The observed incidence of anti-drug antibodies (ADA) is highly dependent on the sensitivity and specificity of the assay. Differences in assay methods preclude meaningful comparisons of the incidence of ADA in the study described below with the incidence of ADA in other studies, including those of pivekimab sunirine-pvzy.

Following administration of pivekimab sunirine-pvzy in CADENZA in BPDCN patients, 19/80 (24%) of patients tested positive for treatment emergent antibodies against pivekimab sunirine-pvzy. Of those who tested positive for anti-drug antibody, neutralizing antibodies were detected in 14/18 (78%) of evaluable patients. There was no identified clinically significant effect of anti-drug antibodies on pharmacokinetics, safety, or effectiveness of pivekimab sunirine-pvzy.
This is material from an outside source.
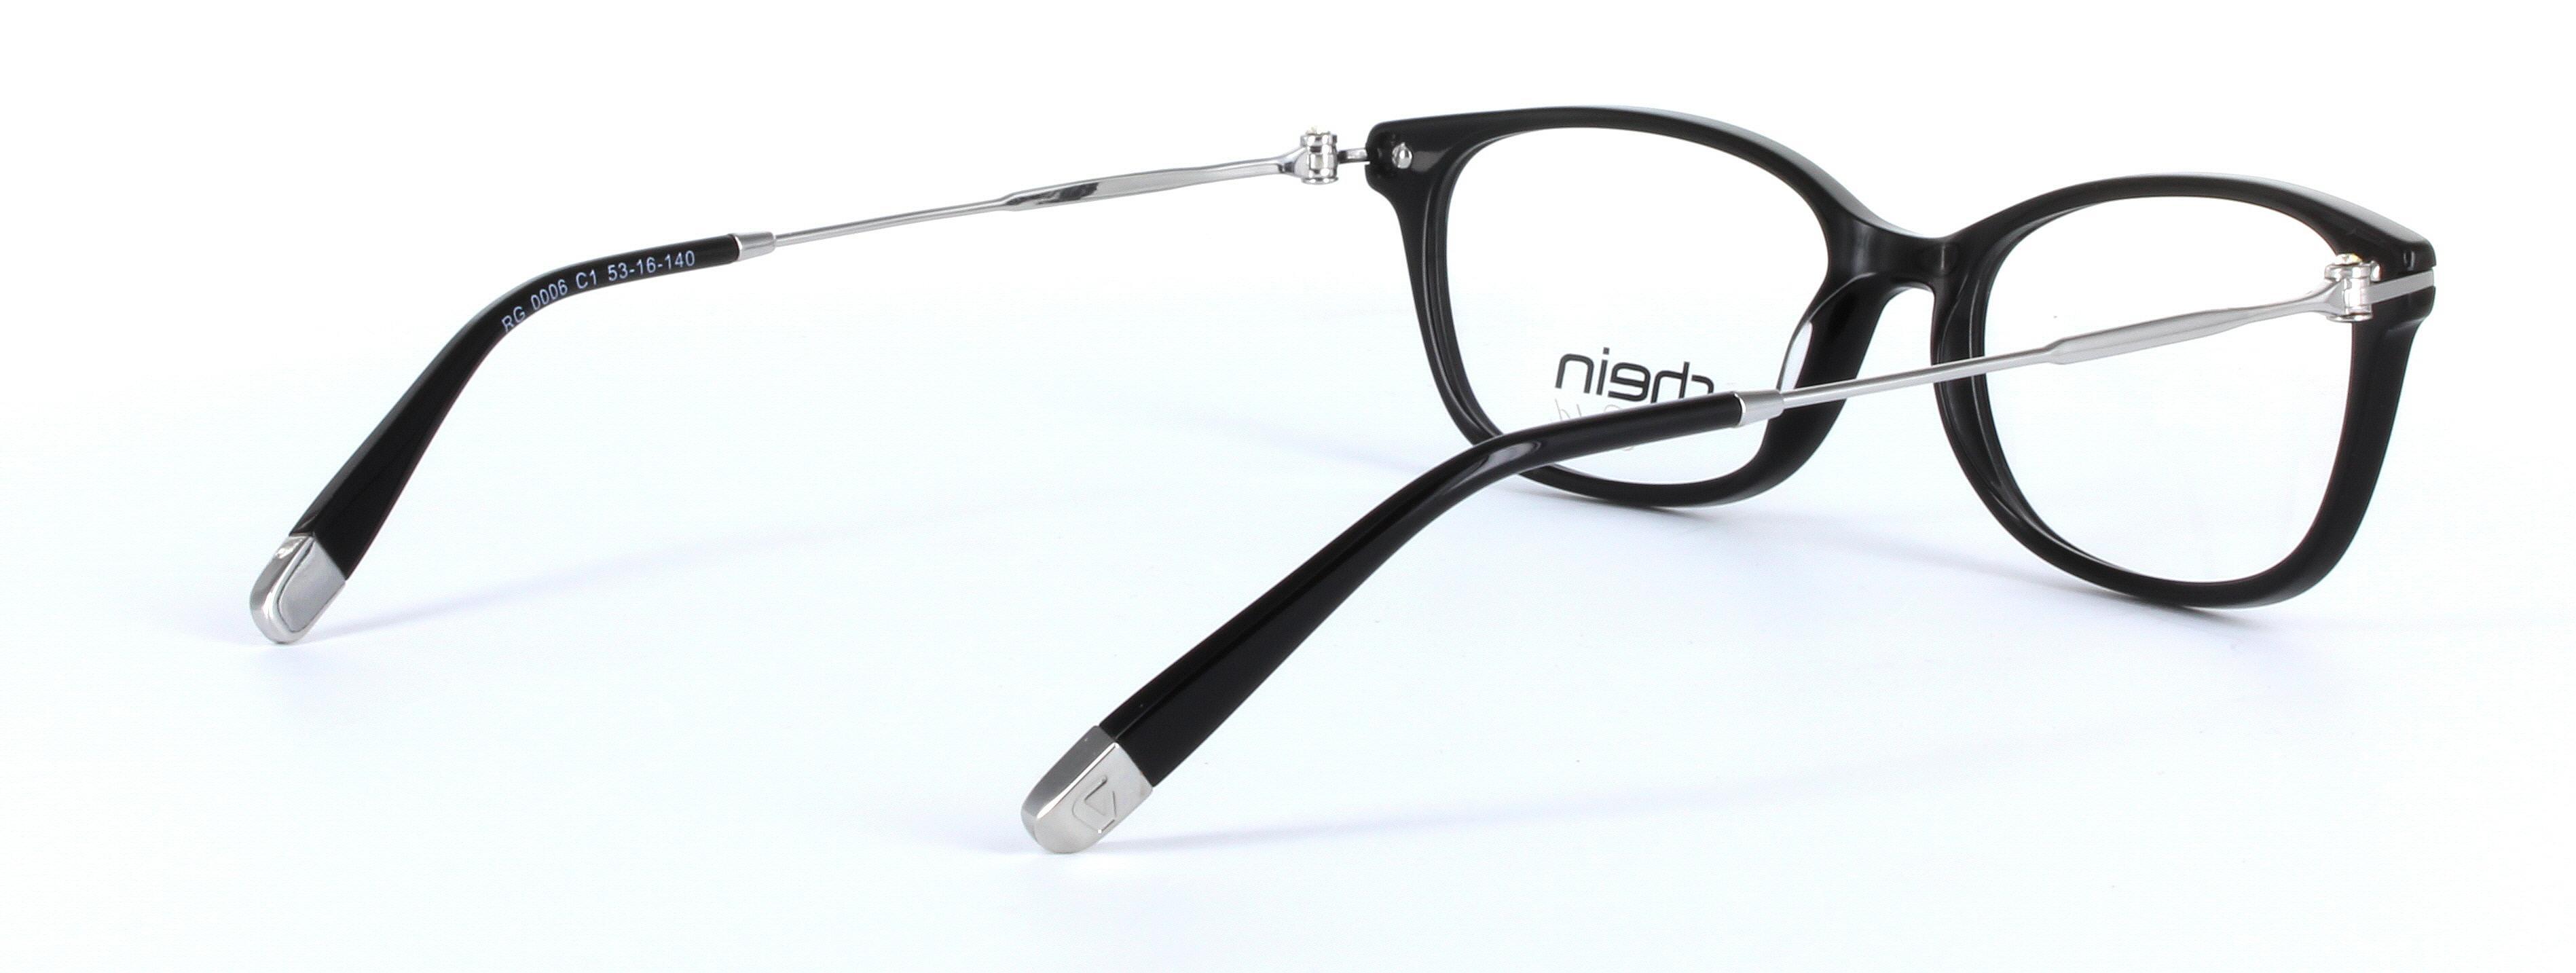 Locarno Black Full Rim Oval Plastic Glasses - Image View 4

13. NONCLINICAL TOXICOLOGY

13.1 Carcinogenesis, Mutagenesis, Impairment of Fertility

Carcinogenesis

Carcinogenicity studies have not been conducted with pivekimab sunirine-pvzy or the small molecule FGN849.

Mutagenesis

FGN849 was mutagenic in the bacterial reverse mutation (Ames) assay and clastogenic in the in vitro and in vivo (rat) micronucleus assays. These results are consistent with the pharmacological mechanism of action of DNA alkylation that induces G2-M phase arrest of dividing cells resulting in cell death.

Impairment of Fertility

Fertility studies have not been conducted with pivekimab sunirine-pvzy or FGN849.

14. CLINICAL STUDIES

14.1 Treatment-naïve Blastic Plasmacytoid Dendritic Cell Neoplasm (BPDCN)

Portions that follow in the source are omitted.